One of the largest pipeline projects of the Marcellus region, a $700 million expansion of Tennessee Gas Pipeline Co.’s “300” pipeline, is already under construction, employing 2,100 surveyors, inspectors and construction workers. It received federal approval last year to lay approximately 127 miles of 30-inch pipeline — along the existing “300” pipeline where possible — through northern Pennsylvania and northern New Jersey, as well as the installation of two new compressor stations and upgrades of seven others.
Other companies are moving forward with gathering and interconnecting pipelines to move the gas from producing well sites. Those gathering pipelines require various federal, state or local permits to cross wetlands, streams and roads, but not federal energy regulators’ approval.
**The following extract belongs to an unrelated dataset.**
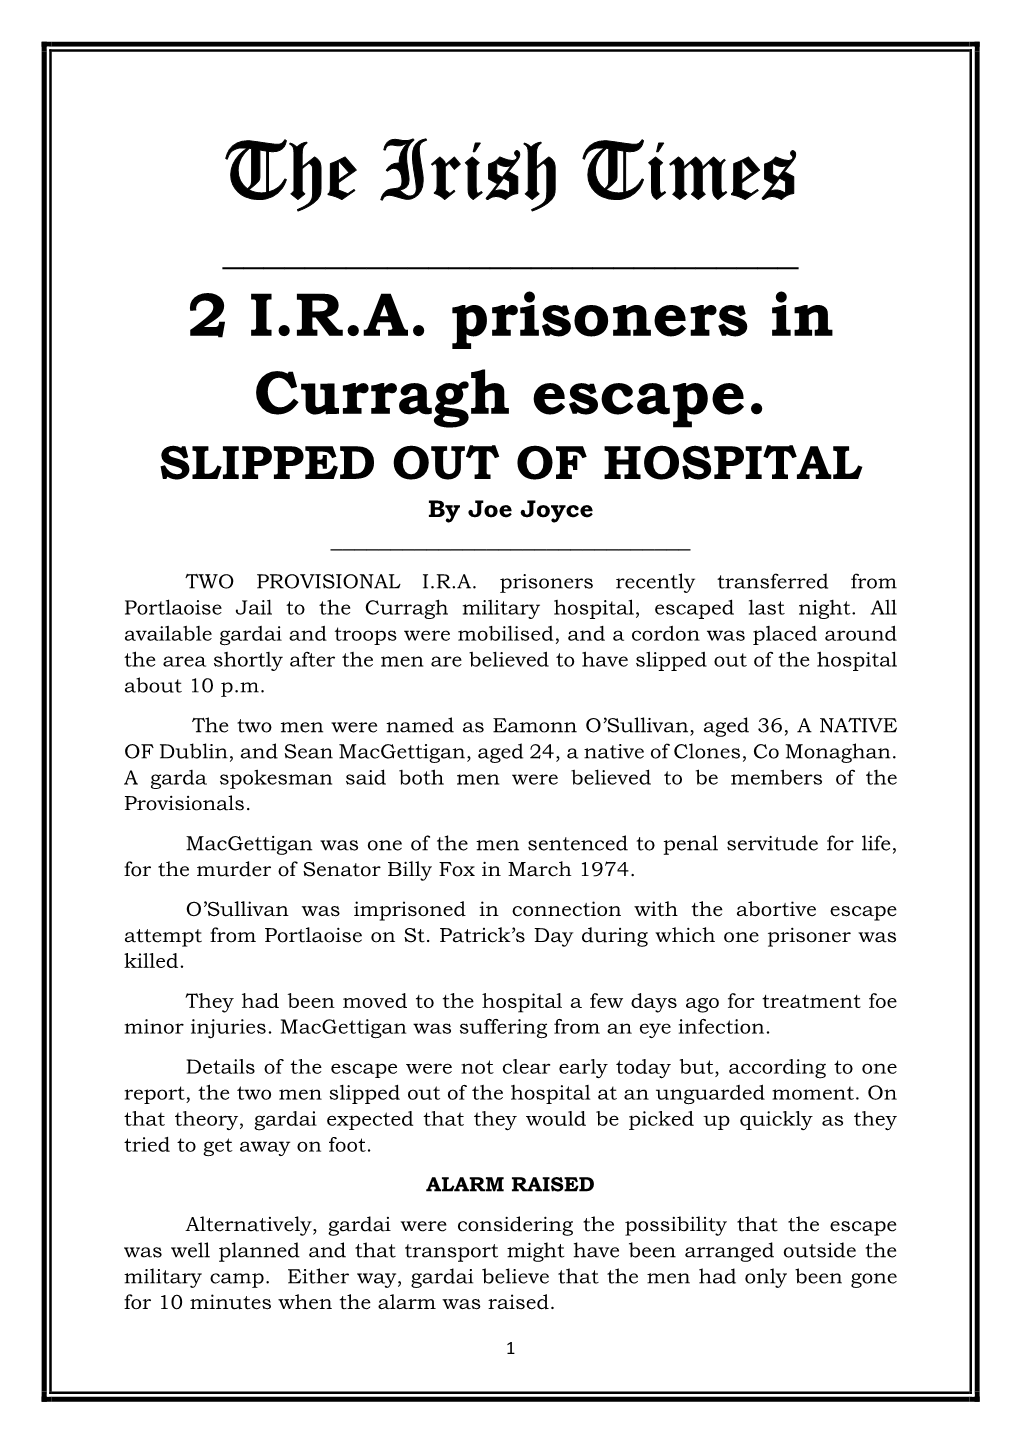 2 IRA Prisoners in Curragh Escape

Jan Jarrett of the Harrisburg-based environmental group PennFuture, said she is concerned about the impact of the pipeline construction on forests, wetlands and the countless high-quality cold water trout streams that spider-web northern Pennsylvania. Joe Osborne of the Group Against Smog and Pollution (GASP) in Pittsburgh said there are concerns about air pollution from the growing number of compressor stations that are sources of carbon monoxide, nitrogen oxides and volatile organic compounds — that contribute to ground-level ozone and asthma.
At least one new interstate project, the MARC I line proposed by Inergy LP, is getting pushback from some residents and environmental groups in the rural Endless Mountains region of north-central PA. The line, which would travel into New York, would pose the threat of pollution to 111 sensitive streams and water bodies and split 39 miles of undeveloped forest and farm land in an area that supports a robust ecosystem, high quality of life and recreation, the EPA said. But FERC says the pipeline would have “no significant impact” on the environment and recommends that it be allowed to go forward.
Chesapeake Energy is protesting the new rules of the US Army Corps of Engineers in reviewing stream crossings by proposed pipelines claiming that some 128 completed Marcellus wells are being unnecessarily shut off from production. These new permits allow regulators to consider the cumulative surface-water impacts of the projects, which are increasingly spider-webbing to tie new Marcellus wells to interstate pipelines. Such new permits streamline some of the process for stream disturbance evaluations.